Sydnor inspired people with powerful sermons that mixed Scripture with humor–and were blessedly succinct.

“He stops when it’s time to stop,” said longtime parishioner Brooke Snead, who bakes Sydnor a birthday cake every year.

He guided the church through a difficult stretch when a former treasurer confessed to embezzling thousands, then sought forgiveness.

He counseled parishioners through devastating personal losses and joyful celebrations.

“He took me through the death of my late wife of cancer, and through the marriage with my present wife,” Van Sant said. “I just think the world of him.”

But no church, and no minister, is immune to dispute.

Catherine Hicks, a St. George’s parishioner for 18 years, said she was at times maddened by Sydnor’s handling of internal church matters.

She said he hates conflict–which he also said–and his reluctance to confront it at times frustrated her and others.

But the rough times did not negate her respect for him.

“If I had to say, has he done a good job or has he done a bad job, he’s done a wonderful job,” Hicks said. “I certainly have fallen into the trap of wanting him to be more than human, to be perfect.
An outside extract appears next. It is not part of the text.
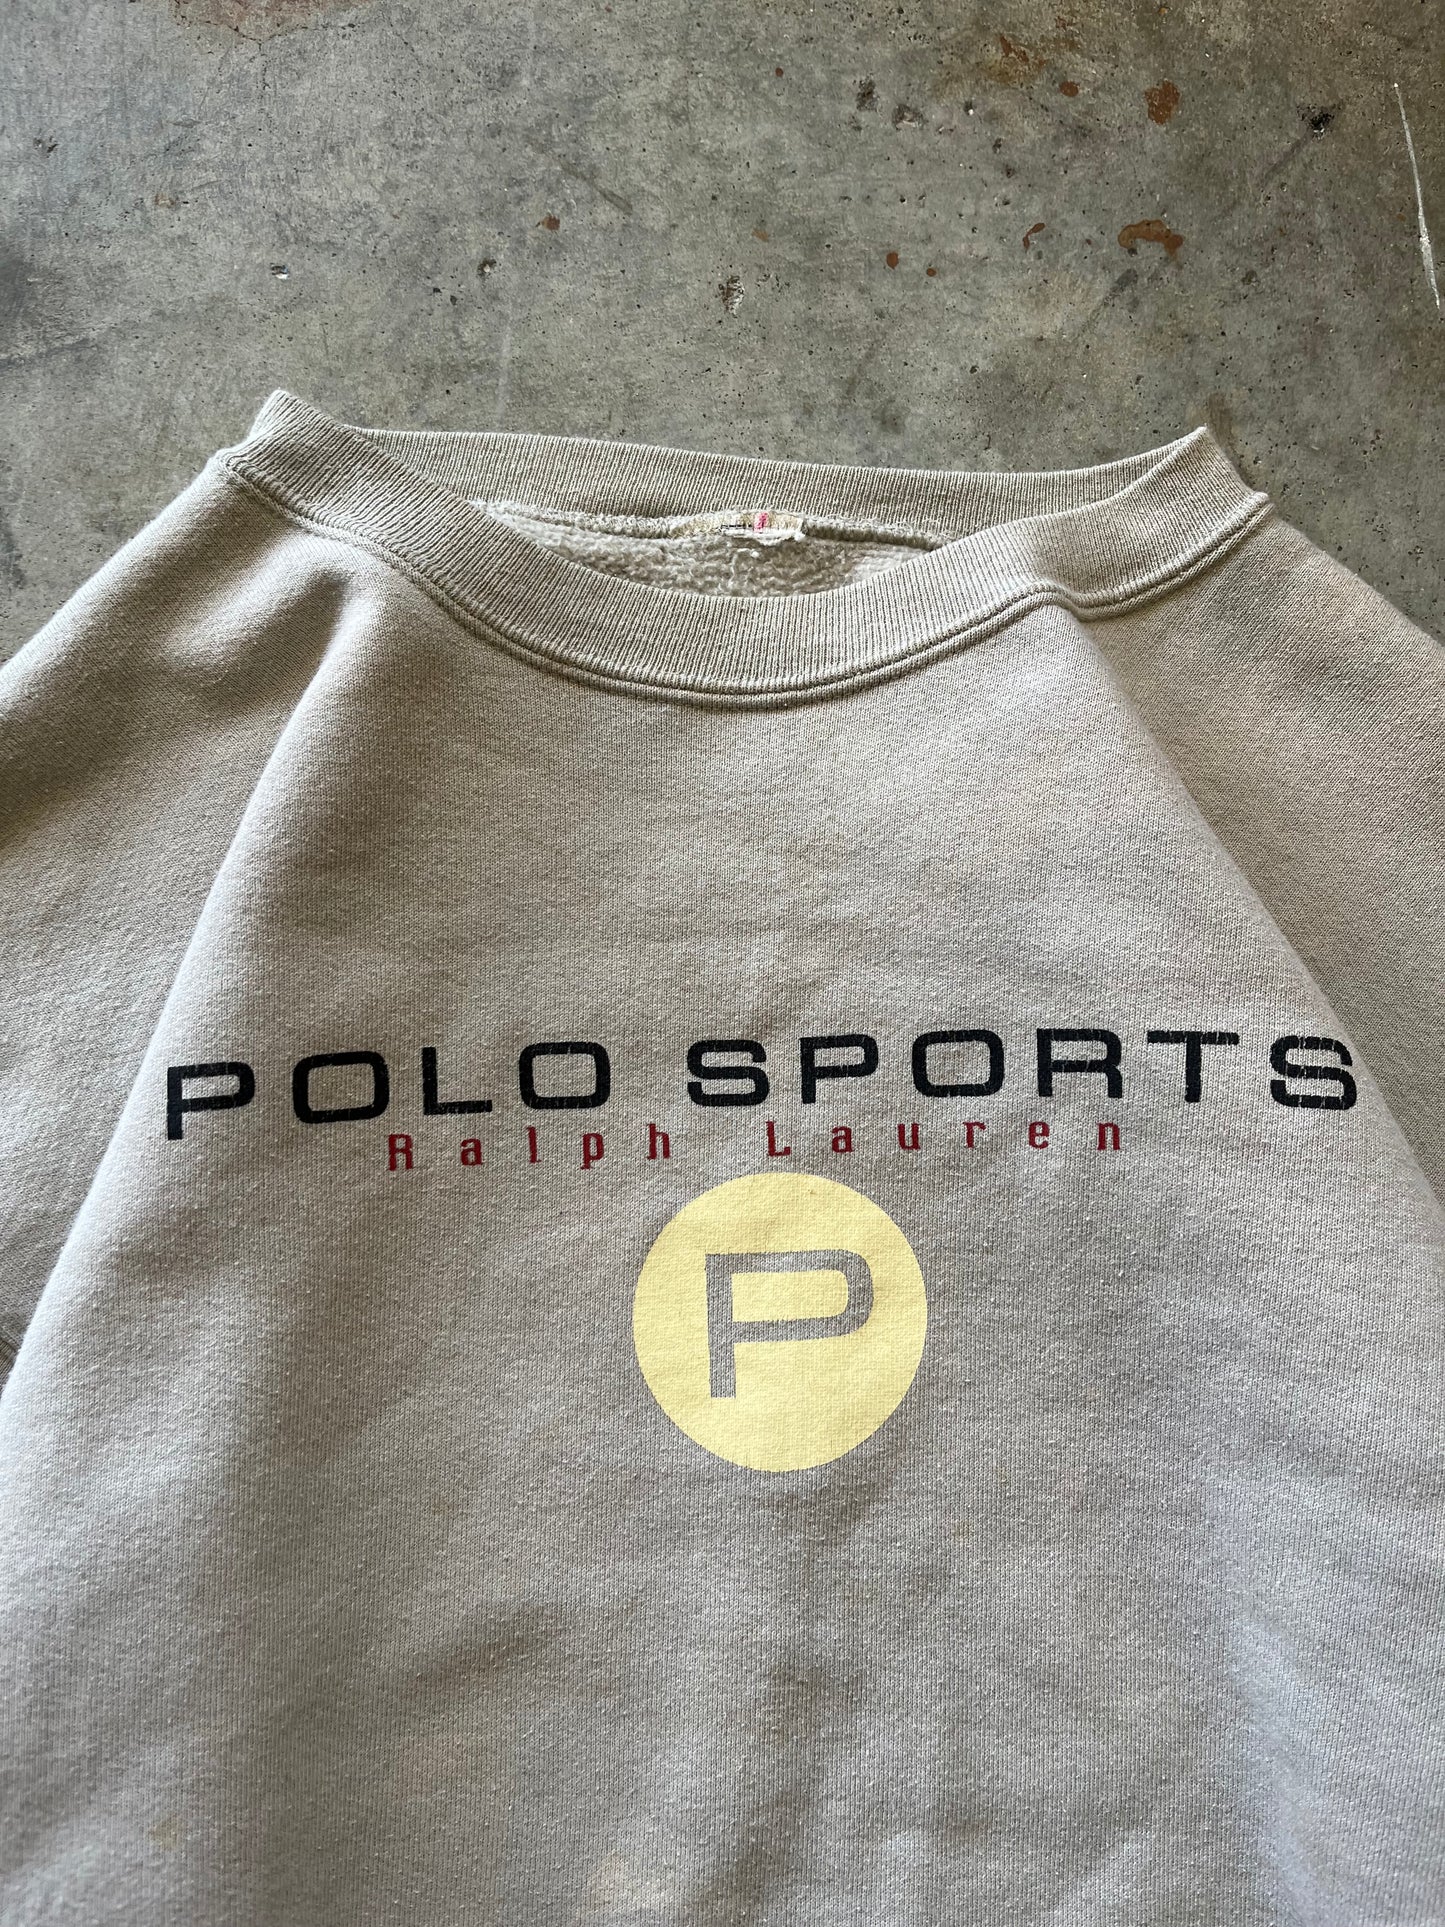 (L) Vintage Polo Sports Sweatshirt

Well, guess what? That’s an impossibility.”

In his final sermon and in a conversation a few days before, Sydnor talked about the inevitability of disagreements–and the importance of handling them respectfully.

“Every Sunday, when we’re singing a song you despise, can you take some joy from the fact that the person standing next to you loves it?” Sydnor said.

Fulfilling vows

When their cottage in his native Westmoreland County is renovated, Sydnor and his wife will move from their house in Fredericksburg.

He’d like to do some gardening, and the couple plan to take their grandsons to the zoo.

He will continue his work as an ecumenical officer for the Episcopal Diocese of Virginia.

But his focus will be on his wife.

“It’s what any husband would do to fulfill their marriage vow,” Sydnor said. “It is certainly what my wife, I’m quite sure, would be doing for me if the shoe was on the other foot.”